Heat conduction in multifunctional nanotrusses studied using Boltzmann transport equation

TL;DR

This study investigates heat conduction in nanotrusses with complex geometry using Boltzmann transport equation, revealing their potential to achieve low thermal conductivity alongside high stiffness and low density.

Contribution

It introduces a novel simulation approach for nanotruss heat conduction and identifies key parameters controlling thermal properties.

Findings

Thermal conductivity depends mainly on solid fraction and wall thickness.

Nanotrusses can achieve unique mechanical and thermal property combinations.

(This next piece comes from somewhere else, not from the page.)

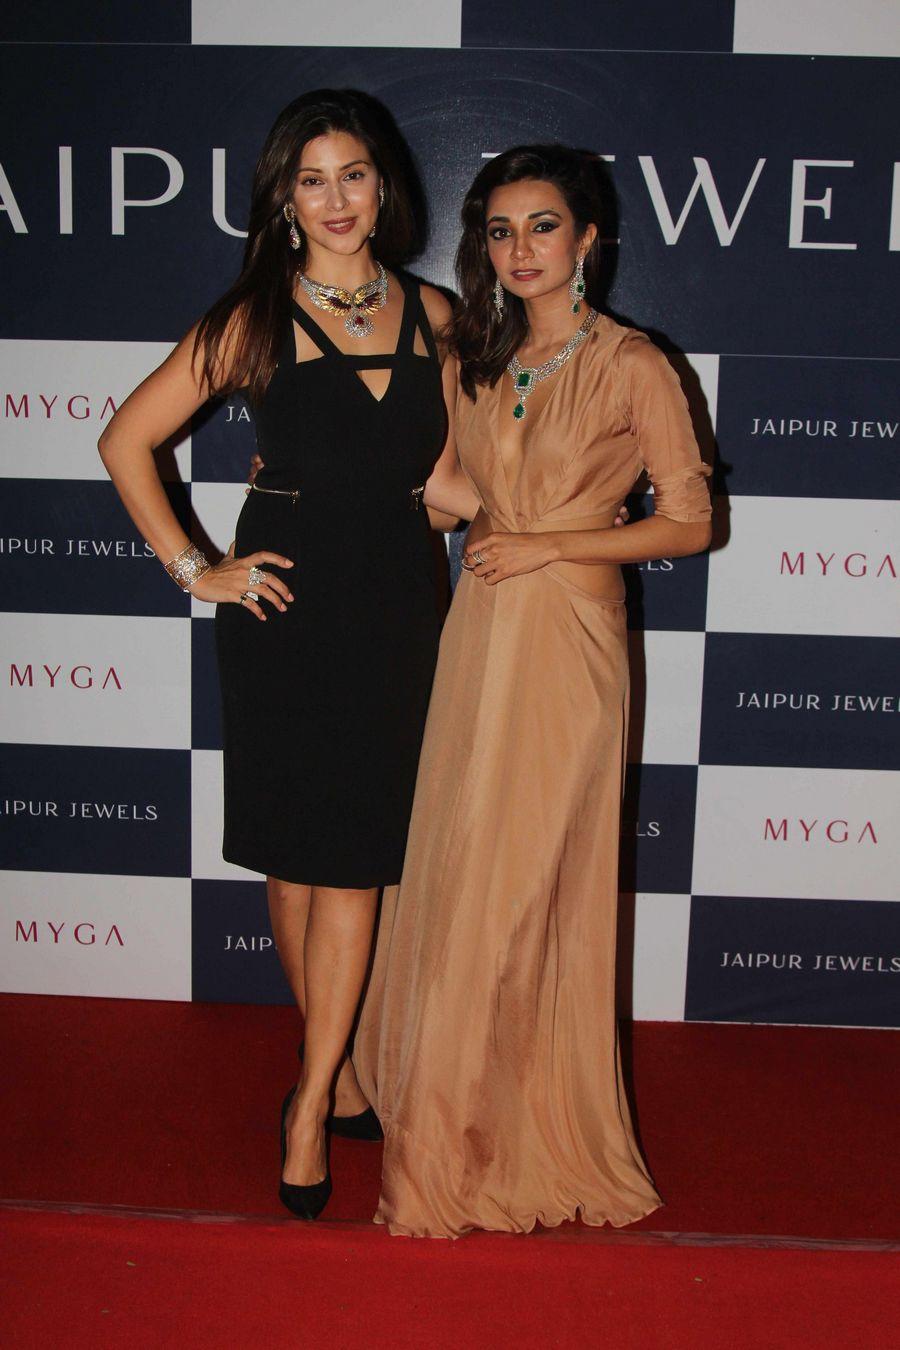 Jaipur Jewels Unveils myga Campaign Photos

Simulations predict low thermal conductivity in nanotrusses with specific geometries.

Abstract

Materials that possess low density, low thermal conductivity, and high stiffness are desirable for engineering applications, but most materials cannot realize these properties simultaneously due to the coupling between them. Nanotrusses, which consist of hollow nanoscale beams architected into a periodic truss structure, can potentially break these couplings due to their lattice architecture and nanoscale features. In this work, we study heat conduction in the exact nanotruss geometry by solving the frequency-dependent Boltzmann transport equation using a variance-reduced Monte Carlo algorithm. We show that their thermal conductivity can be described with only two parameters, solid fraction and wall thickness. Our simulations predict that nanotrusses can realize unique combinations of mechanical and thermal properties that are challenging to achieve in typical materials.